Elimination methods, such as Gaussian elimination, or the Gauss-Jordan method don't just naturally give a solution that excludes a null space component. The solution is nice looking because you are starting with integer coefficients and doing rational arithmetic to obtain a solution.

How do I find these two separate parts? Do I take a dot product with something...or solve more simultaneous equations...

To answer this question will, I suspect, go beyond the scope of the course you're taking.

My favorite way to do this is to use the singular value decomposition, which you will have to find out about elsewhere.

Your A matrix is not square; you have fewer equations than variables, so right away there is the possibility of an infinite number of solutions. Yours is a 3x4 A matrix, so the rank of the matrix (you may have to look up the word "rank") can't be greater than 3, but in fact the rank is only 2. This means that only 2 vectors are needed to span the row space and 2 more will span the null space.
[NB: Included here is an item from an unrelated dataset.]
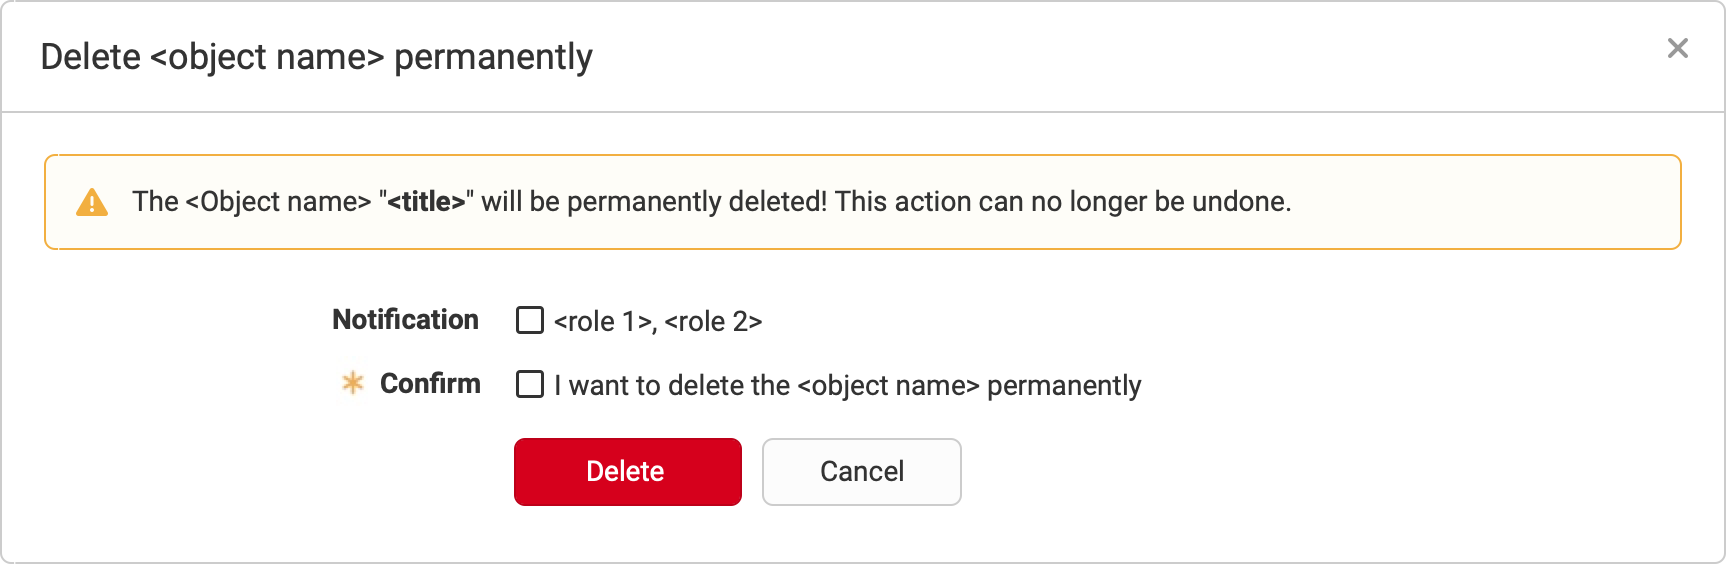 Single action for delete permanetly

Here is the singular value decomposition obtained with the help of Mathematica. The two (orthogonal) column vectors in green span the row space (providing a row space basis), and the two (orthogonal) red column vectors span the null space (providing a null space basis). You can see the result of the premultiplication by your A matrix; two non-zero columns (from the row space basis) and two zero columns (from the null space basis).

Given these basis vectors, you can decompose any solution into its component parts.

As I said, this is probably beyond the scope of your coursework, but if it piques your interest, good for you!

I'm using Matlab (But did the above example by hand without partial pivoting)

Well, that answers a question I had. As far as I know, the LU decomposition is only applicable to square matrices. See if you get an error when you ask Matlab to perform the LU decomposition on your A matrix. I use Mathematica, and I get an error if I try to apply the LU decomposition to your A matrix.

What is the electrical/electronic application of linear algebra?

In EE linear algebra is used for network analysis. See this thread:

https://www.physicsforums.com/showthread.php?t=674884

for an example.

 

[engineer_ja]

Excellent, Thank you very much!

Matlab does perform LU on this matrix, but uses partial pivoting to give PA=LU

I just checked, and singular value decomposition is covered at the end of his terms course. ;)

Thanks once again for the clear detailed answers.